To be fairer to Mitt than President Obama’s critics typically are, the headlines Mitt makes are usually worse than what he was trying to say — even though what he meant was bad enough.

  • Corporations are people, my friend” had nothing to do with corporate personhood. He was just claiming that corporate profits ultimately get distributed to people. The fact that it’s mainly to rich people like himself isn’t a problem for Mitt, and even with that proviso I’m not convinced. Apple is sitting on $100 billion, for example, and doesn’t seem to be in any hurry to either distribute it.
  • I like being able to fire people” was about being able to change health insurance companies rather than being stuck in government monopoly. A fair point, except that (1) Like RomneyCare, ObamaCare isn’t organized as a government monopoly. Most people will continue to choose among private insurance plans. (2) Would Mitt raise a finger to stop health insurance companies merging into a private monopoly? (3) Saying “fire people” with a smile indicates that Mitt identifies mainly with the powerful.
  • I’m not concerned about the very poor” was a clumsy way of repeating Gingrich’s food stamps vs. paychecks point: the lazy poor get enough government help already. Either guy would be more convincing if his policies didn’t sum up to cutting taxes for the rich and cutting benefits for the poor. And I’m still waiting for anybody to explain why supply-side economics didn’t create jobs during the eight years when Bush tried it. I like Joan Walsh’s response: “The safety net is not a hammock.”

On the other hand, commenting on all discussions of inequality with “I think it’s about envy” is just as bad in context as you would have imagined from the headline.


Fox News really shouldn’t mess with the Muppets.

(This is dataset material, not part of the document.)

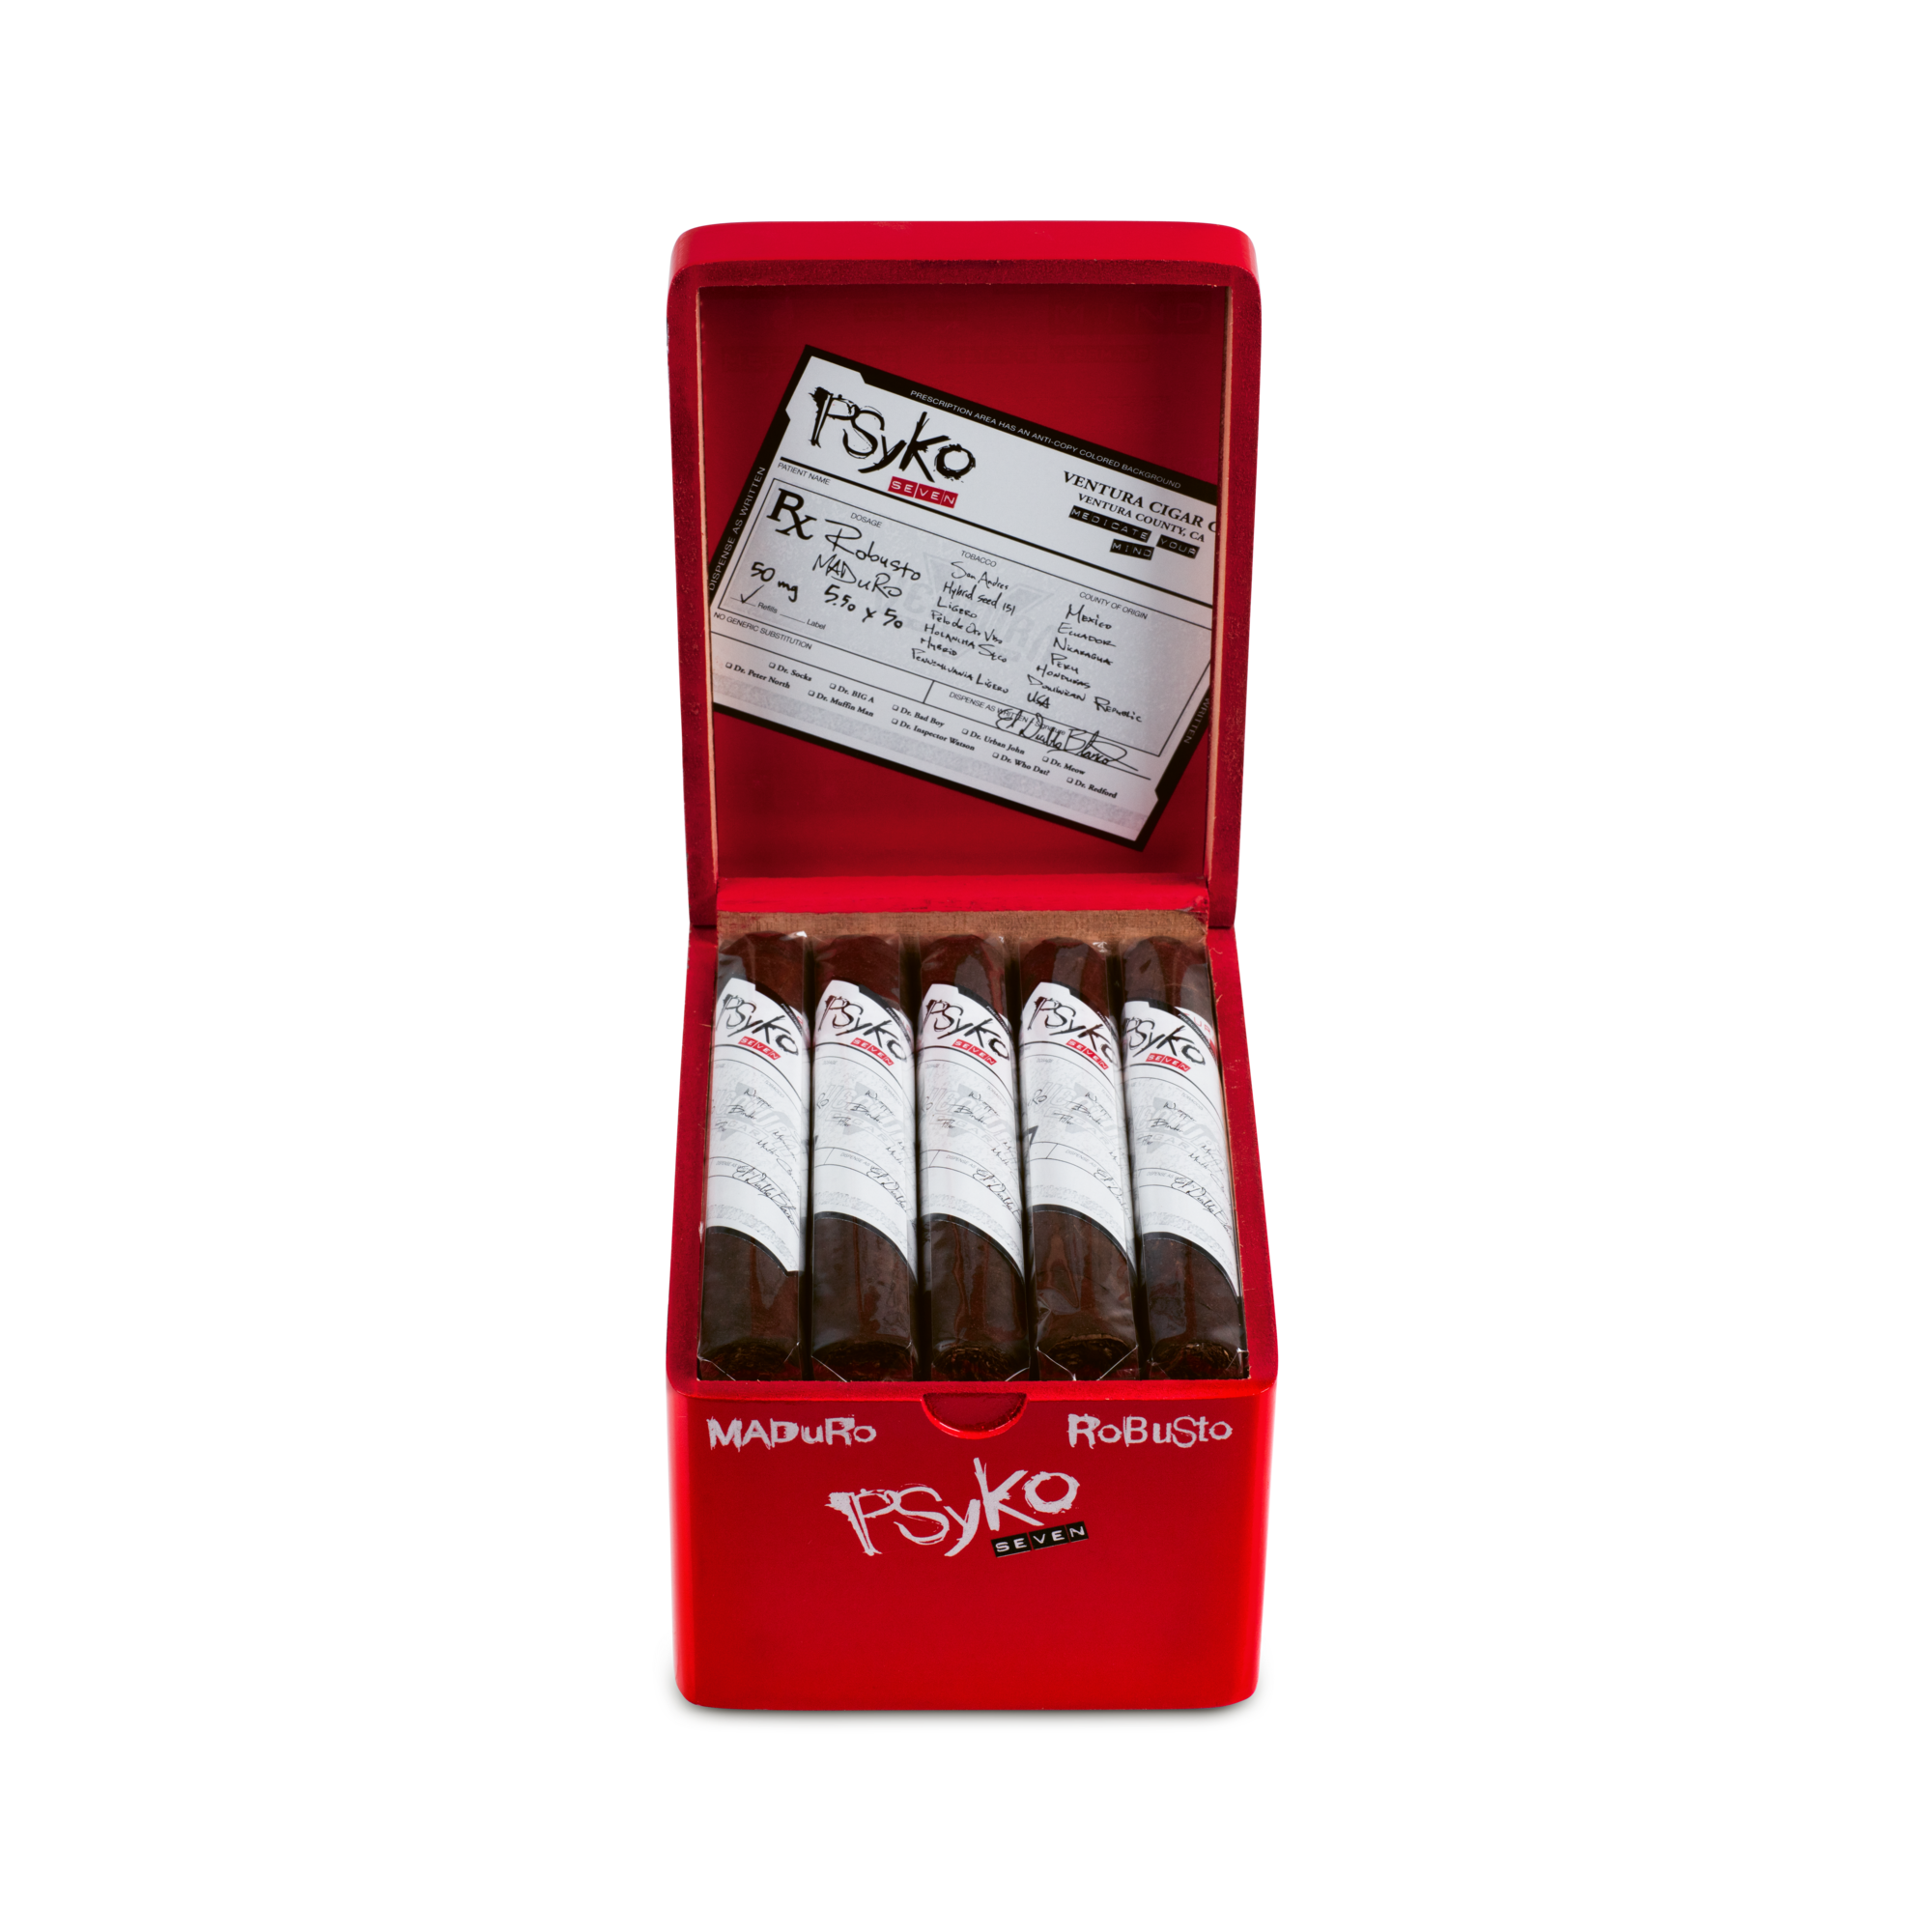 PSyKO Seven Maduro Robusto 20er Zigarren Box geöffnet

Atlantic’s Elizabeth Wurtzel makes it into this week’s short notes on the strength of good writing. As an unmarried person who seems wistful but not very hopeful about marriage, Wurtzel sees Newt Gingrich’s marital history as an island of reality in the plastic world of too-perfect political marriages.

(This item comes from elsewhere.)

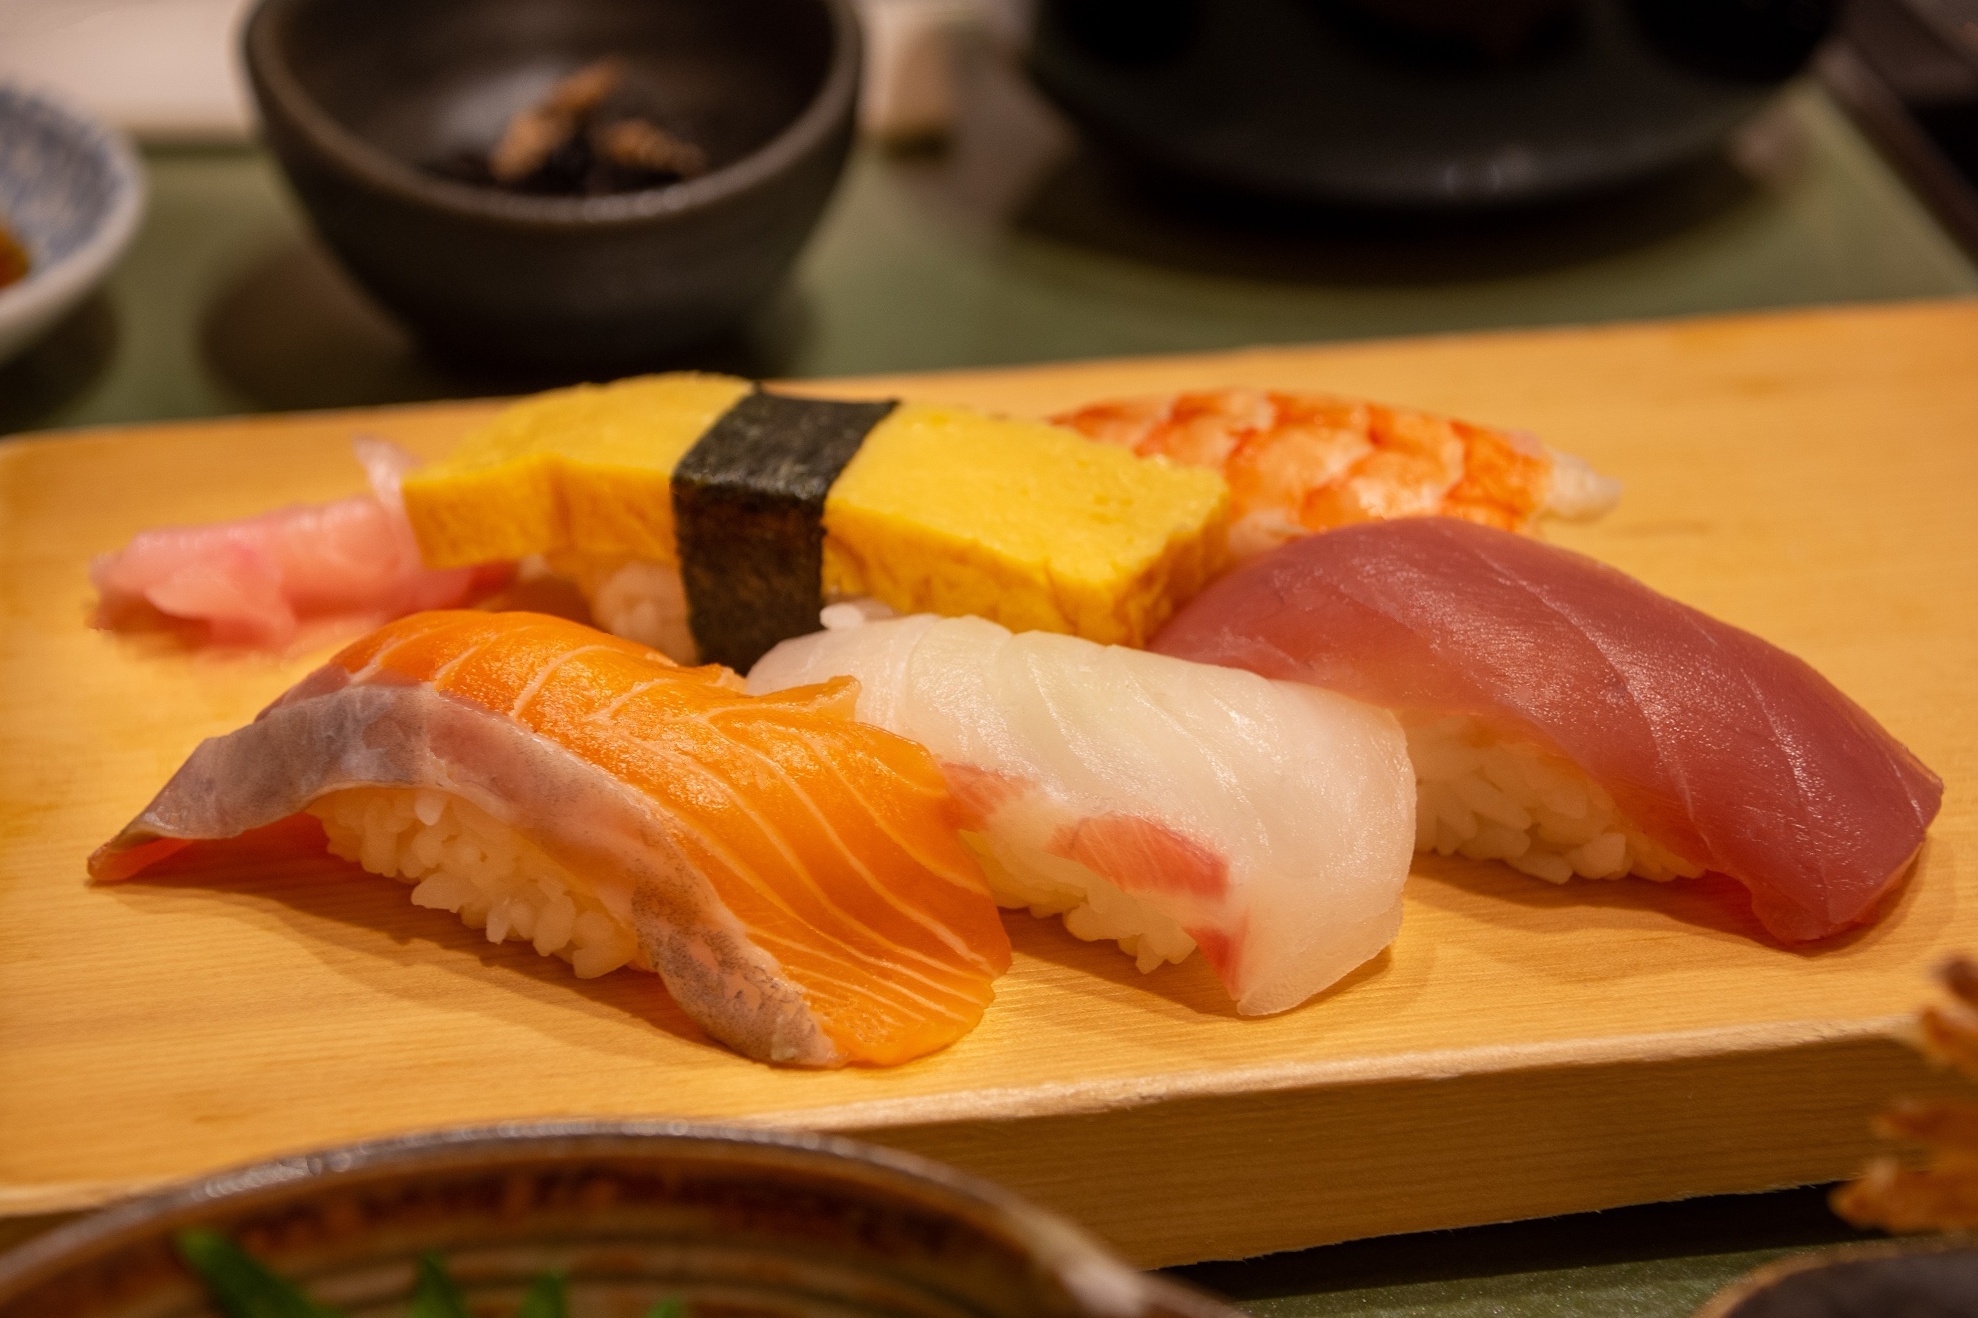 A fresh platter of sushi

Marriage is like Churchill’s description of democracy: the worst relationship, except for all the others. Men hate monogamy, women are pretty wayward too, being alone is absolutely awful, no one can imagine spending the rest of their lives trying to decide how to spend Saturday night after about age 36, kids seem logical, no one will love us when we’re old, we all need reunion dates, and of course, 50 years down the road, even discounting the ten or so years (hopefully not in tandem, but maybe) that were awful and that we spent making and canceling an appointment with a family lawyer almost every day at times, looking back, we had a life, and it meant something. Even though…. Even though there was a lot of even though. From the outside that looks like a happy marriage, and even happiness.

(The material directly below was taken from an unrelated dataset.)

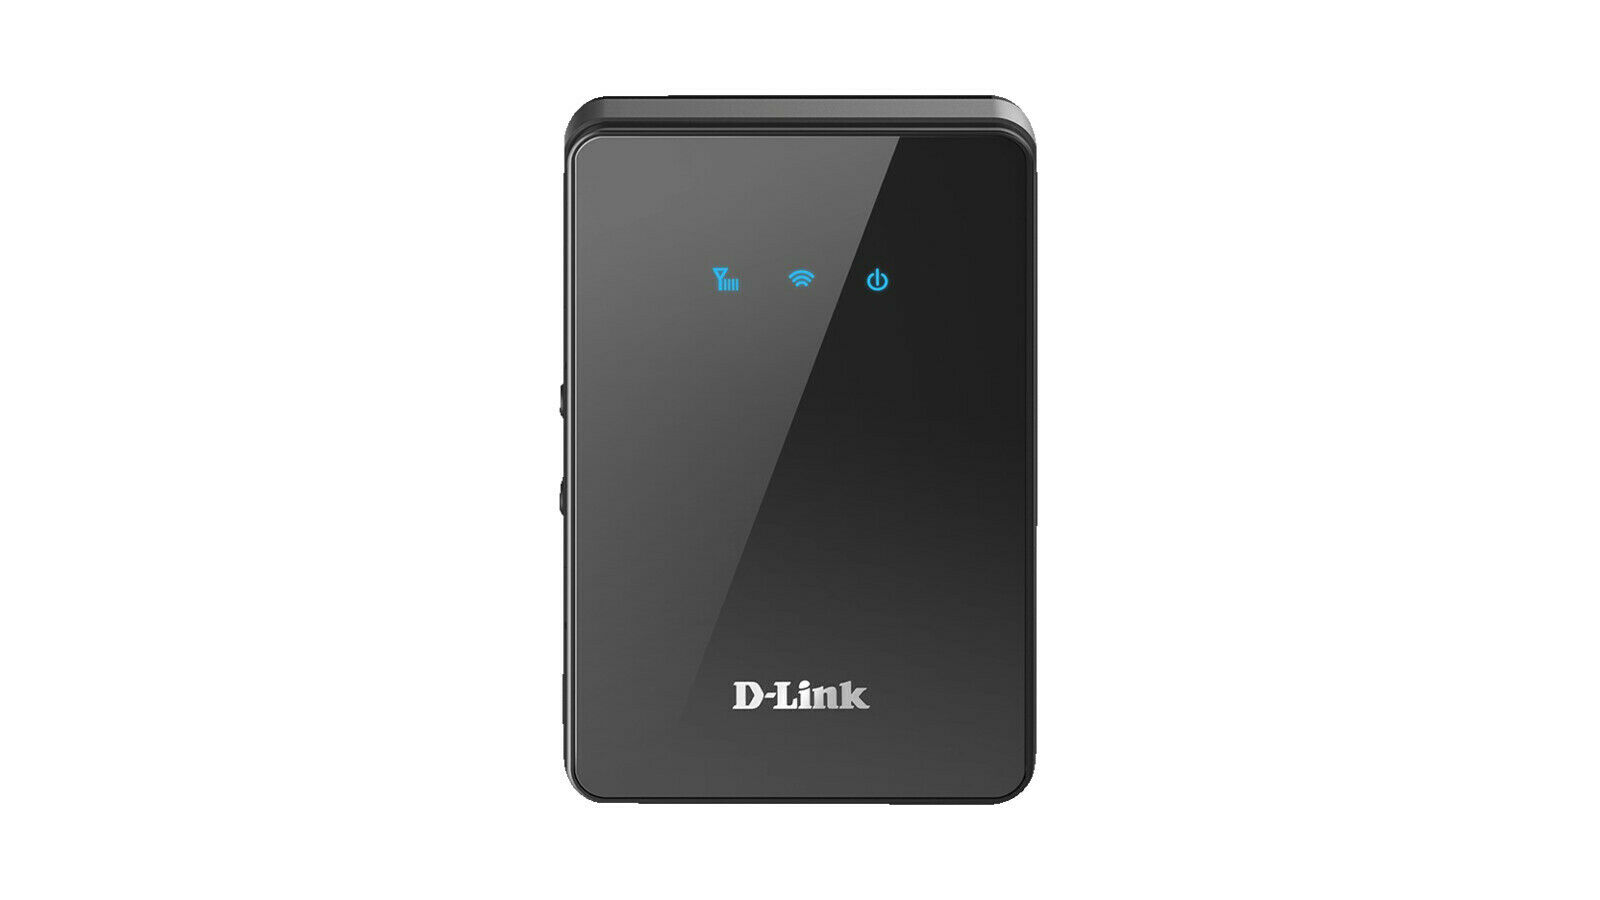 D-link 4G LTE Mobile WiFi Hotspot 150 Mbps (EU)

Onion News Network reports the heart-breaking story of Caitlin, a “brain dead” adolescent. Completely unresponsive to her parents, she could do little more than roll her eyes and type texts into her phone. While making the difficult decision to euthanize her, her mother says, “We just keep reminding ourselves that the real Caitlin is already gone.”


Who really writes your laws? When a Florida representative proposed a bill written by the corporate-sponsored American Legislative Exchange Council, she forgot to remove the ALEC mission statement.


If government can force abortion-seeking women to get an unnecessary ultrasound, why can’t it force men seeking Viagra to get a rectal exam?